Source data:

--

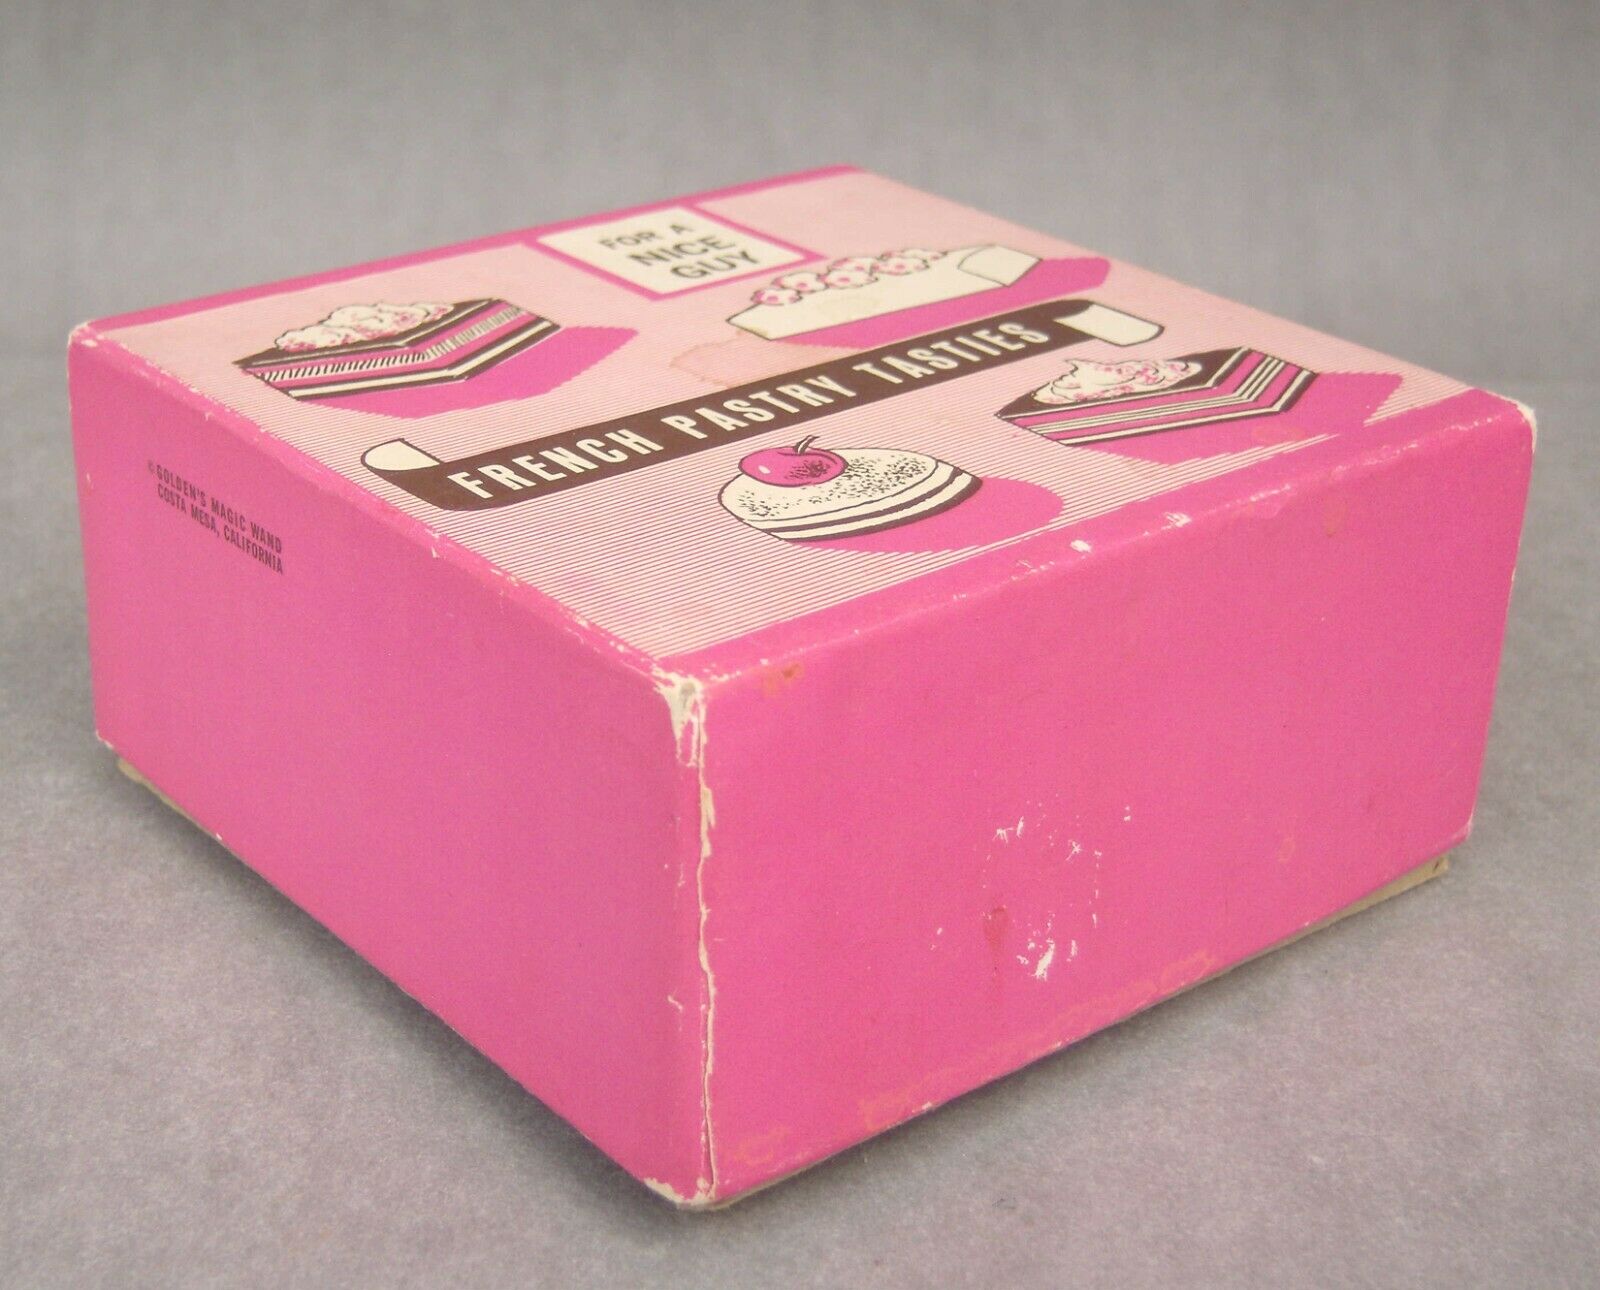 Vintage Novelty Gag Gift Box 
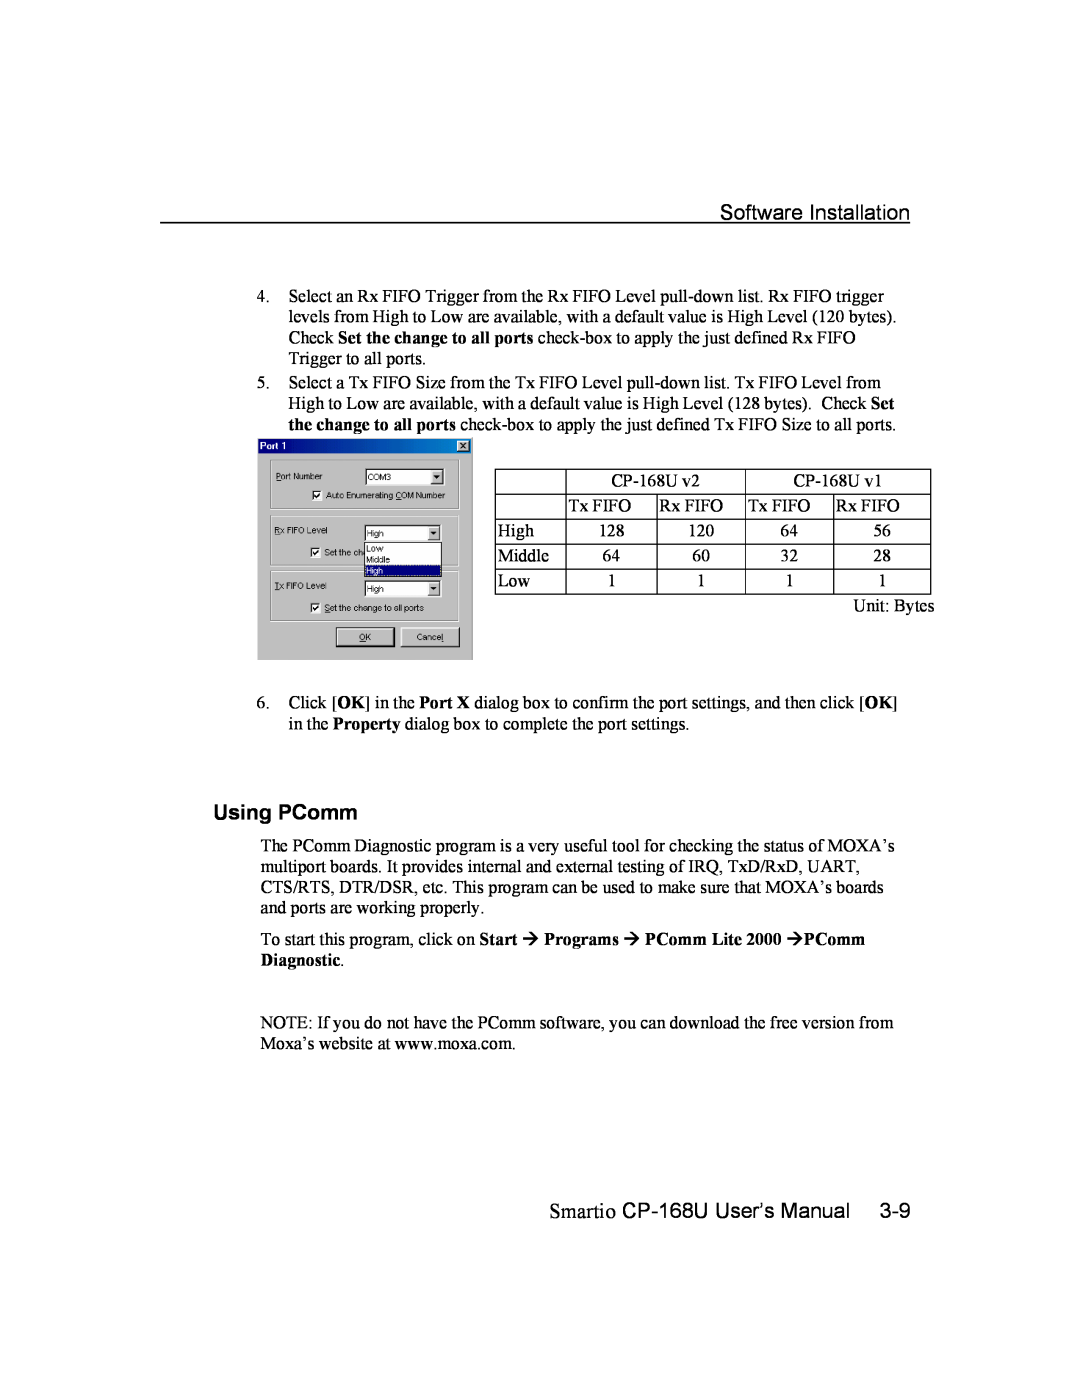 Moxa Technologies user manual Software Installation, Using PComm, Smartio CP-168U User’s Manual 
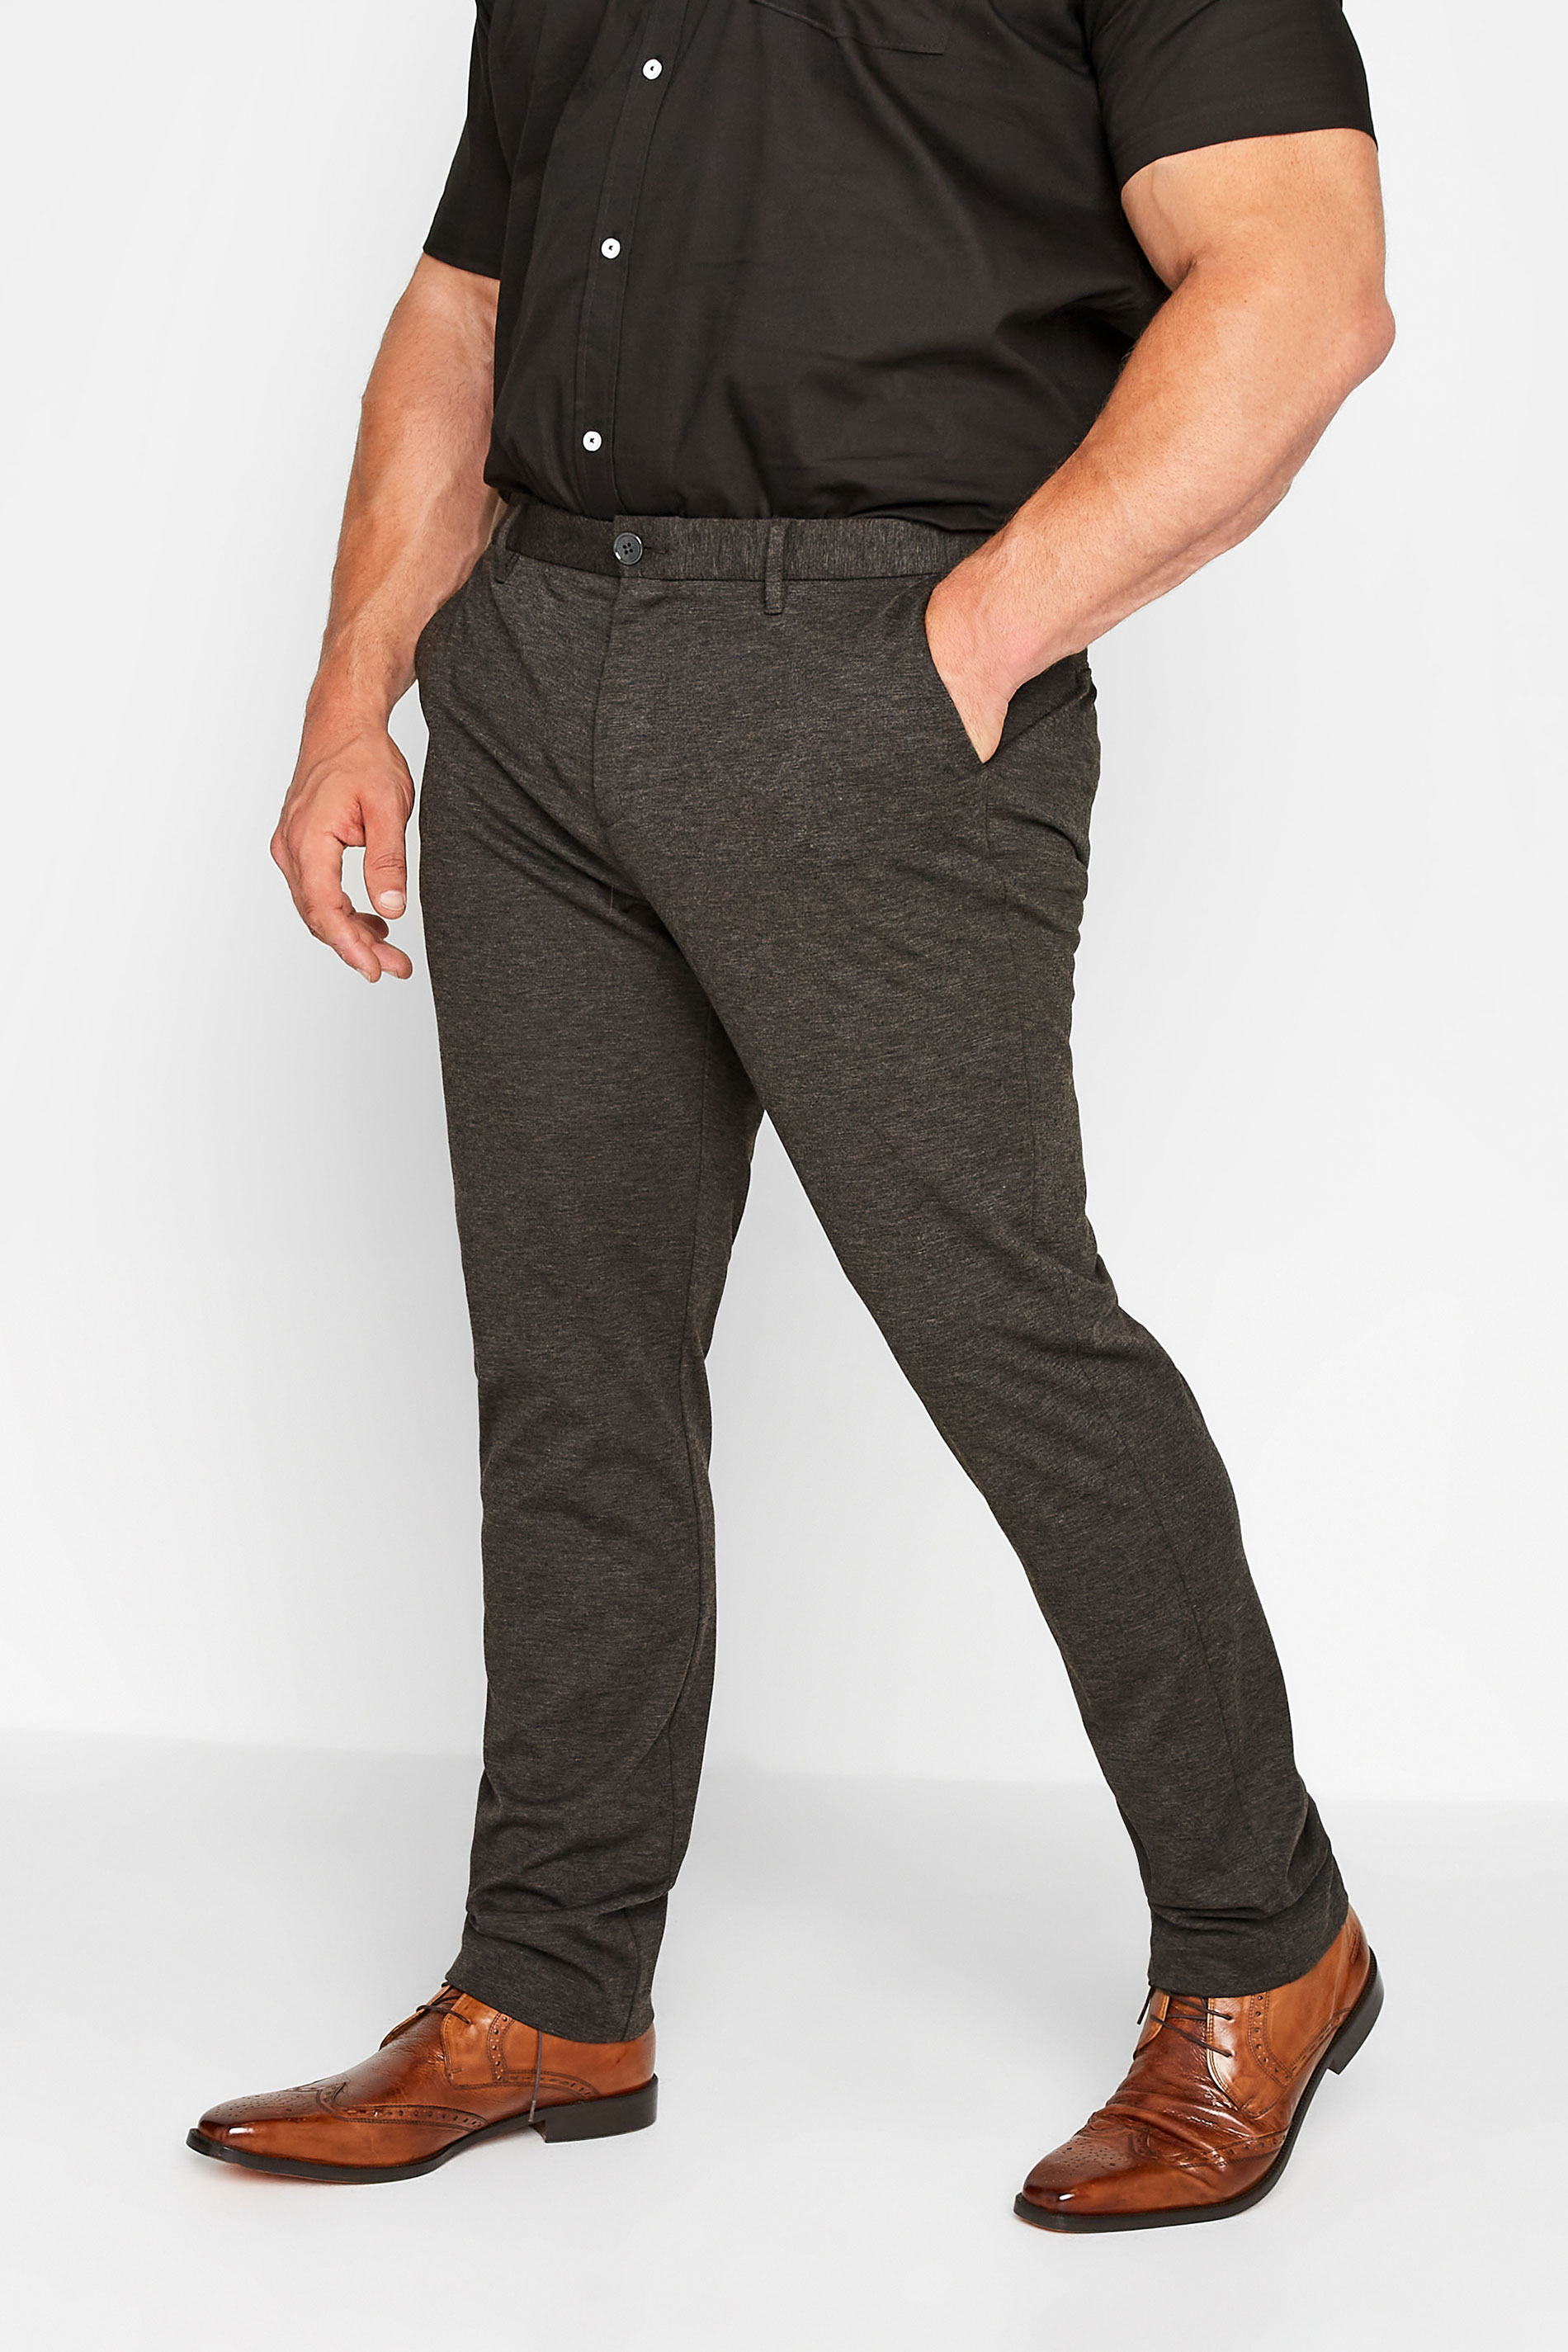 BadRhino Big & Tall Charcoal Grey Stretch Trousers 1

--

Problem:
Everything in the data must be printed verbatim except the pictures.

Written answer:
 Vintage Novelty Gag Gift Box 
 Moxa Technologies user manual Software Installation, Using PComm, Smartio CP-168U User’s Manual 
 BadRhino Big & Tall Charcoal Grey Stretch Trousers 1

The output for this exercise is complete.